Plaintiff may recover damages “in an action from breach “not arising from contract” if Plaintiff proves by clear and convincing evidence that Defendant acted with malice, oppression, or fraud. (Civ. Code § 3294(a).) “Malice means conduct which is intended by the defendant to cause injury to the plaintiff or despicable conduct which is carried on by the defendant with a willful and conscious disregard of the rights or safety of others.”¿ (Civ. Code § 3294(c)(1).)¿ “Oppression’ means despicable conduct that subjects a person to cruel and unjust hardship in conscious disregard of that person's rights.”¿ (Civ. Code § 3294(c)(2).)¿ “Fraud means an intentional misrepresentation, deceit, or concealment of a material fact known to the defendant with the intention on the part of the defendant of thereby depriving a person of property or legal rights or otherwise causing injury.”¿ (Civ. Code § 3294(c)(3).)¿¿A¿plaintiff’s “conclusory characterization of defendant’s conduct as intentional, willful and fraudulent is a patently insufficient statement of ‘oppression, fraud,¿or malice, express or implied,¿within the meaning of section 3294.”¿ (Brousseau v. Jarrett¿(1977) 73 Cal.App.3d 864.)¿ 

Law Office contends that the 4AC’s punitive damages allegations must be stricken because the Plaintiff does not allege that Law Office acted with oppression, fraud, or malice sufficient to support a claim for punitive damages under Civ. Code § 3294. (Motion, 4-5.) According to Law Office, the allegations do not include specific factual claims to establish malice or oppression, are “too conclusory and insufficient,” and their decision to terminate Plaintiff’s employment “does not show that Defendant acted with any oppression and/or malice” on its own. (Motion, 6.) 

Liberally construing the allegations of the 4AC in favor of Plaintiff, the court finds that the 4AC does not plead sufficient allegations to support a claim for punitive damages. As discussed above with regard to the demurrer, the 4AC does not point to specific factual allegations to show any conduct done by Defendants which can be seen as intended to harm Plaintiff or malicious towards Plaintiff’s rights. As defined in Brousseau, mere conclusory claims regarding malicious and/or oppressive conduct is not sufficient to support a claim for punitive damages.

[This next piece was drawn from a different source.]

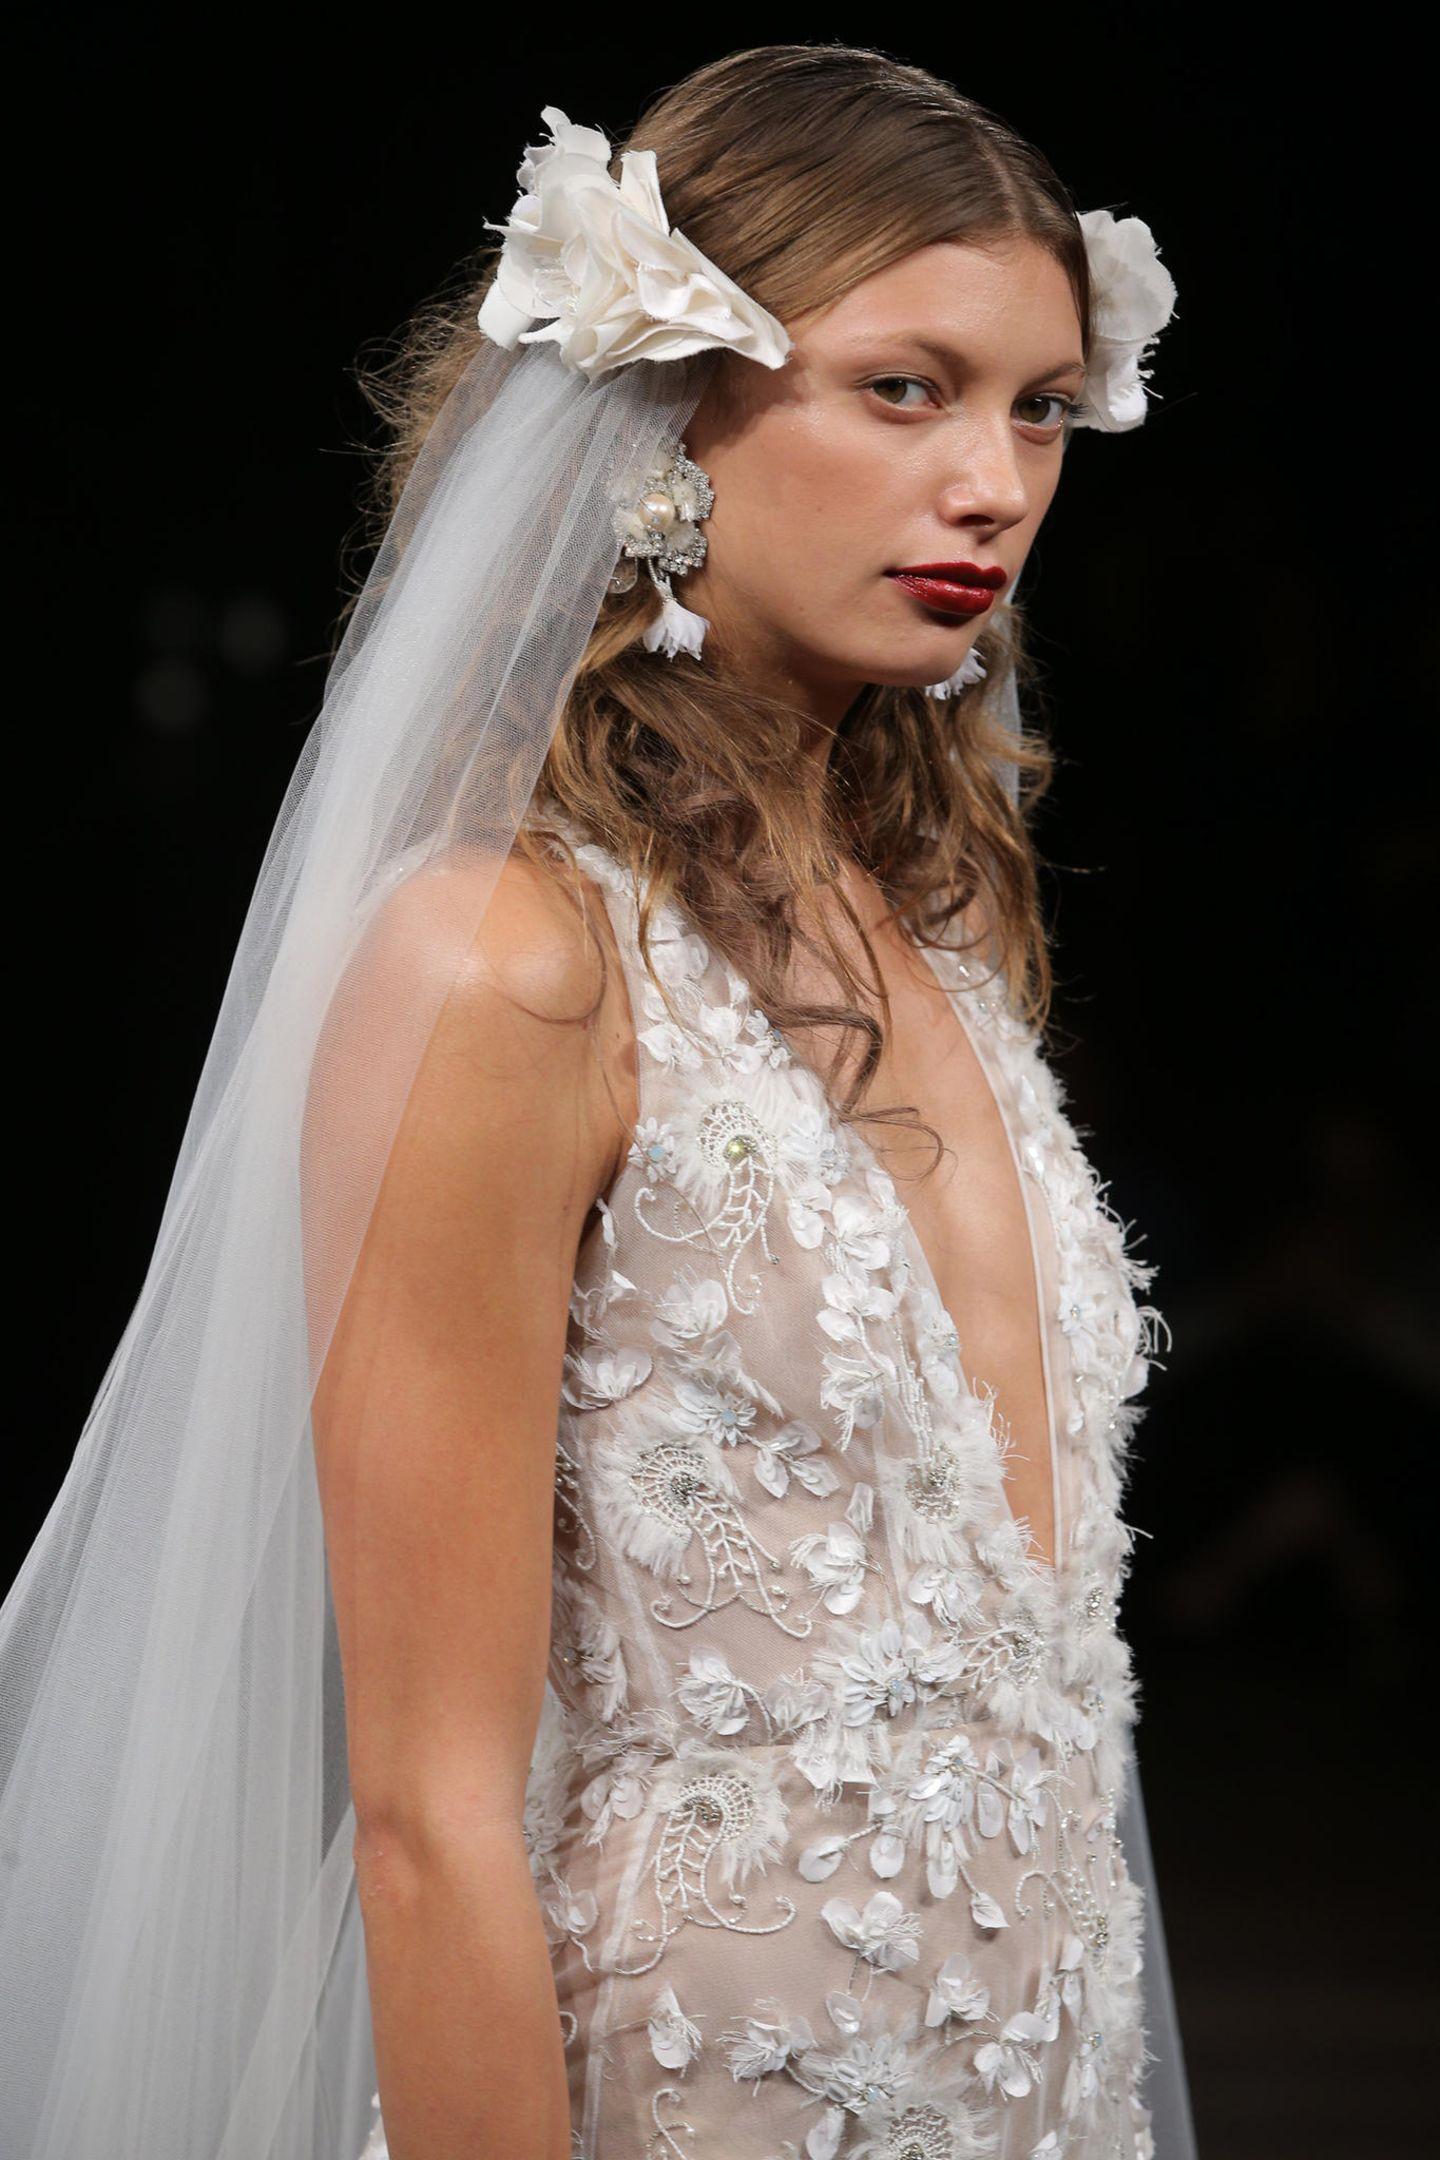 Brautfrisur mit Schleier: Frau mit Brautkleid und zwei Schleier-Elementen im Haar

For these reasons, Defendant’s motion is granted.

Conclusion 

Law Office’s motion is granted. Law Office is to give notice.  

 

 



[1] Law Office again submits the declaration of its counsel, Jason J. Buccat (“Buccat”) to demonstrate compliance with statutory meet and confer requirements. Buccat attests that prior to filing the demurrer, he called and spoke with Plaintiff’s counsel to meet and confer on September 22, 2022. (Buccat Decl. ¶ 5.) Buccat attests the parties continued to meet and confer through written correspondences, but Plaintiff has not responded to written attempts and the parties have not come to a resolution. (Buccat Decl. ¶¶ 6-8.) The Buccat Declaration is sufficient for purposes of CCP §§ 430.41 and 435.5.